Thursday, January 28, 2010


BANZAI7 NEWS--WSJ reports,  despite their tough talk about clamping down on pay, banks and securities firms are using other financial perks to ease the toll on employees.

Bank of America Corp. and Citigroup Inc. are doling out shares that employees can sell within months—much sooner than normally allowed. Other giant banks, including Goldman Sachs Group Inc. and Royal Bank of Scotland Group PLC, let certain employees borrow money to relieve personal cash crunches. And some U.K. banks have considered raising base, or cash salaries—funds that won't be subject to the country's new 50% tax on bonuses.

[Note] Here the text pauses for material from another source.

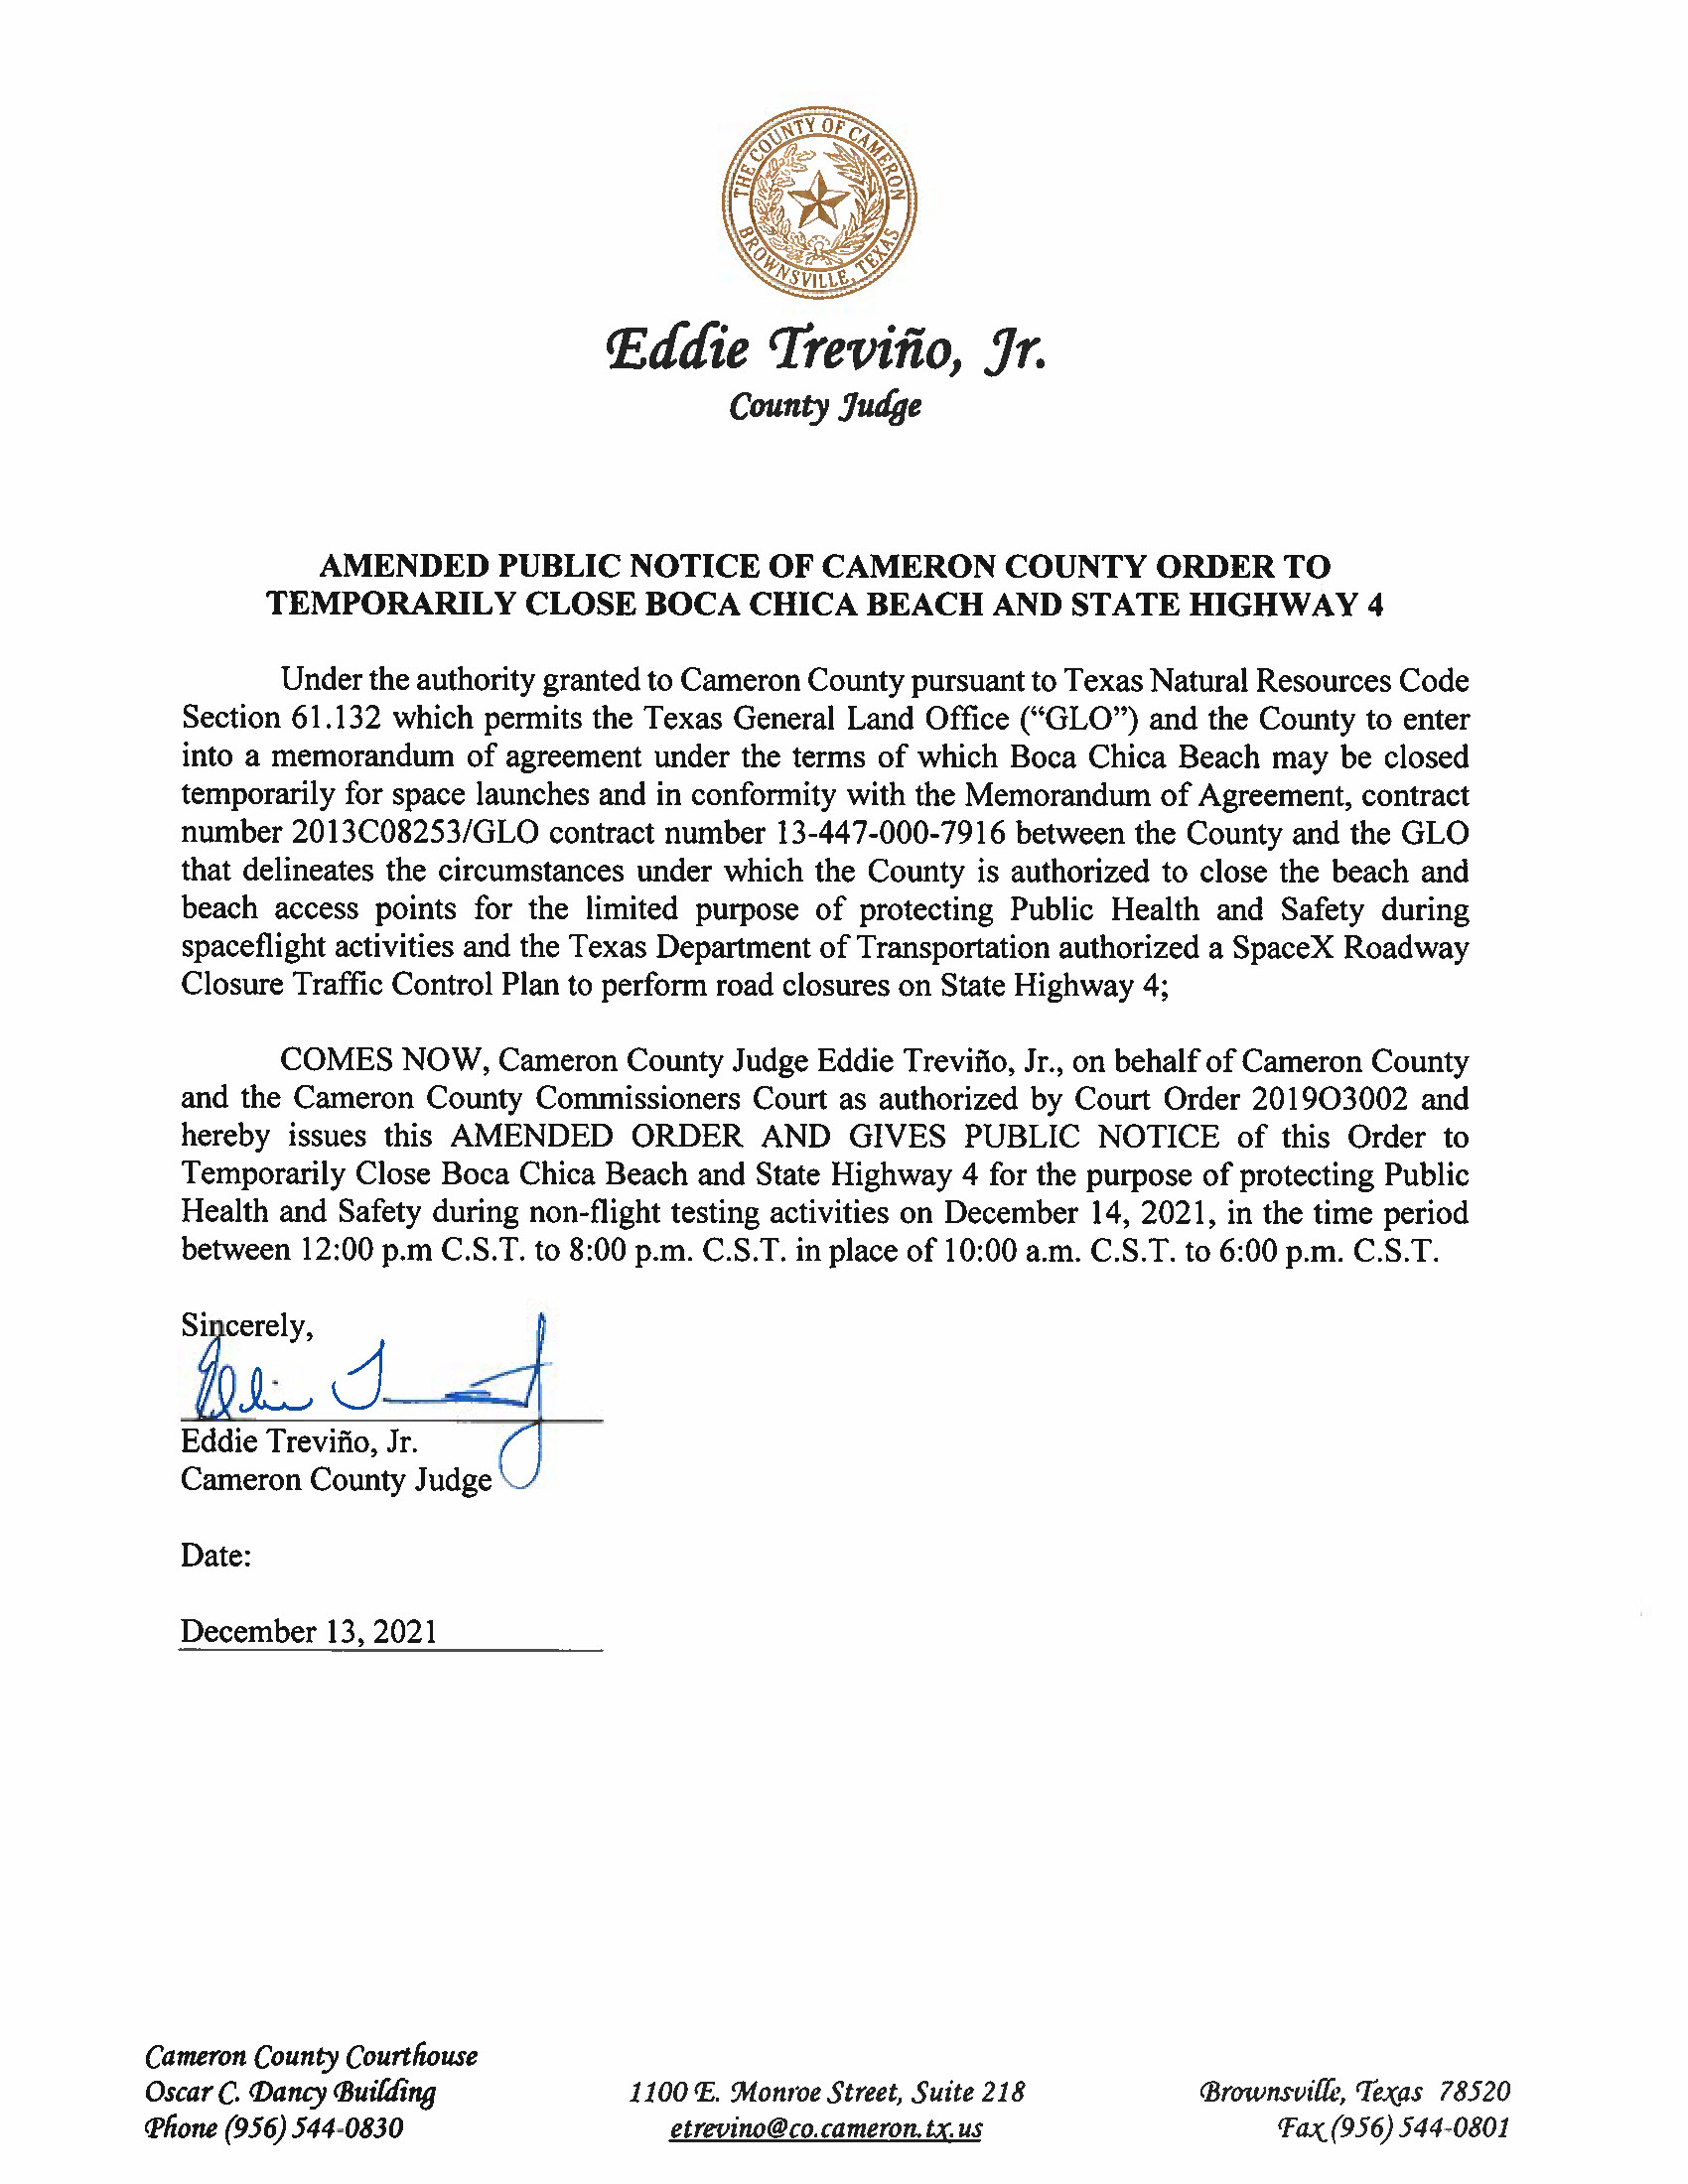 AMENDMENT PUBLIC NOTICE OF CAMERON COUNTY ORDER TO TEMP. BEACH CLOSURE AND HWY.12.14.2021

Such moves are a contrast to concessions recently made by large financial firms in hopes of defusing public anger, and political retaliation, over the comeback of sky-high compensation. Many banks and securities firms are paying bonuses with a bigger percentage of stock. Goldman, for example, sharply reined in pay and benefits during the fourth quarter. This week, the firm told partners that 60% of their 2009 bonuses will be in the form of restricted stock.

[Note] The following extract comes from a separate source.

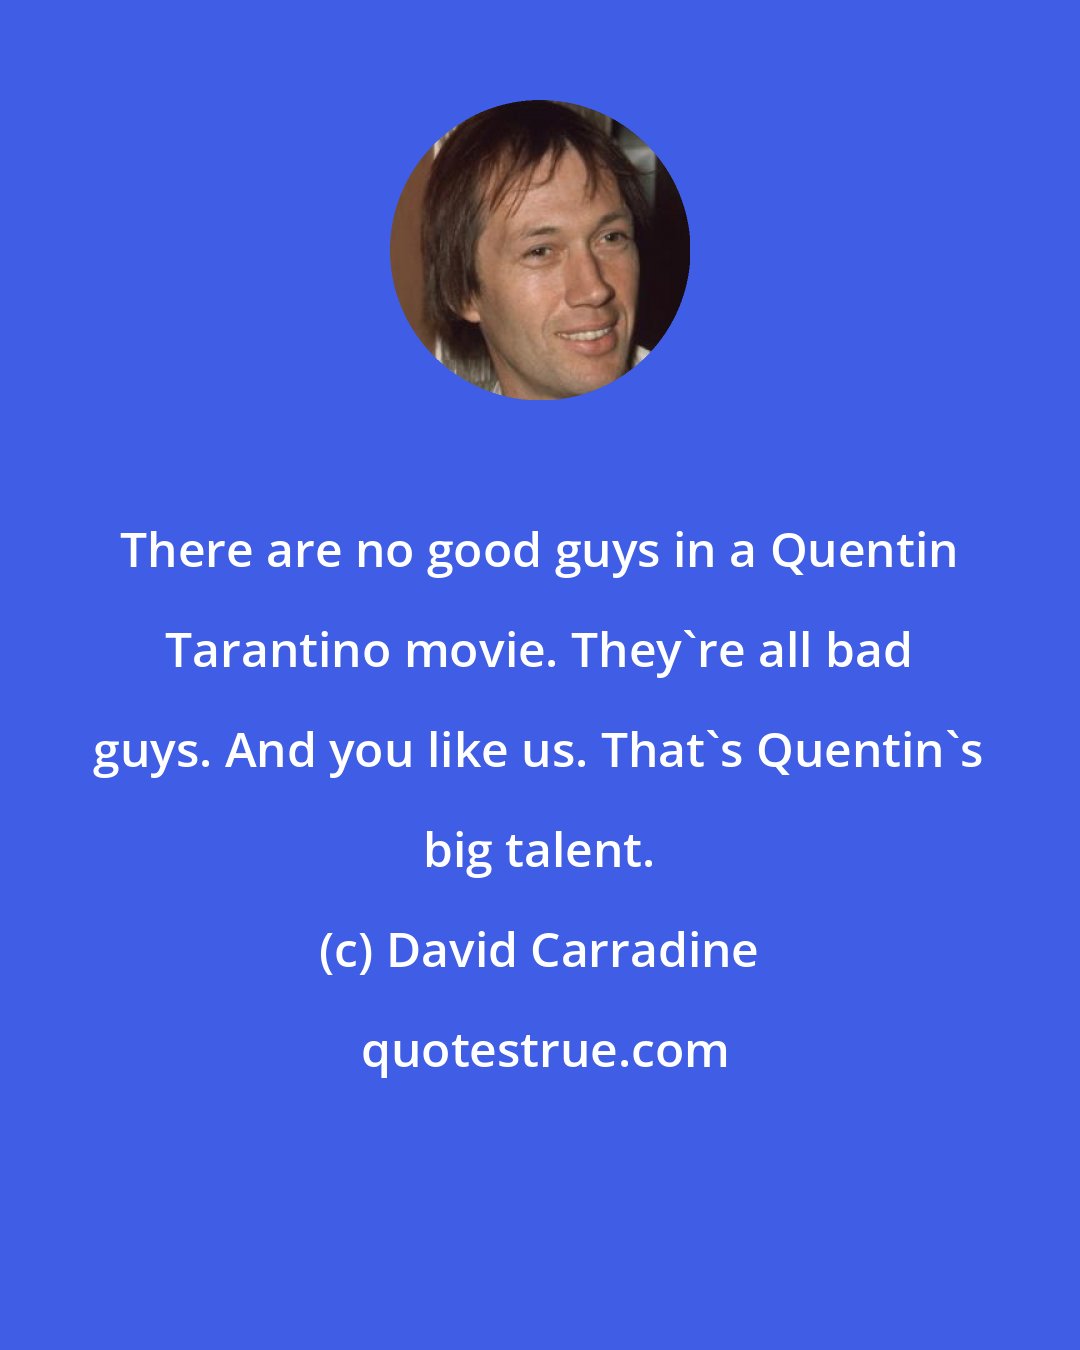 David Carradine: There are no good guys in a Quentin Tarantino movie. They're all bad guys. And you like us. That's Quentin's big talent.

Some of Citigroup's stock awards are almost as liquid as cash.

The new pay culture is squeezing bankers with hefty mortgage payments and private-school tuition bills—and has prompted some companies to find ways to assist cash-squeezed employees.
"I know it sounds ridiculous to Main Street, but it's a real hardship," says Gary Goldsteal, who runs, a financial-services job-search firm in New York. "So firms are trying to help out any way they can."

Cheap loans are the most popular form of financial aid for traders and investment bankers. Gustavo Dolefino, a senior managing director at recruiting firm Secretive Solutions, says sweatheart loans "are happening all over" Wall Street. They include a type of bridge loan made to tide over employees whose fixed ponziesque operating expenses outstrip available cash resources.

Such loans aren't new, experts say, but they are becoming more common. Unlike normal borrowers, bankers and traders sometimes can get below-market rates on non-recourse loans or face lighter collateral requirements, industry officials say.

A rise in favorable employee loans could fuel new resentment over the pay culture at financial companies. Many banks remain tight about lending cheap Federal money to ordinary consumers and small businesses. Loan balances at U.S. banks shrank by 2.8% in last year's third quarter, the largest decline in at least 25 years, according to the Federal Deposit Insurance Corp.

WB7: Readers of this Blog should not be surprised.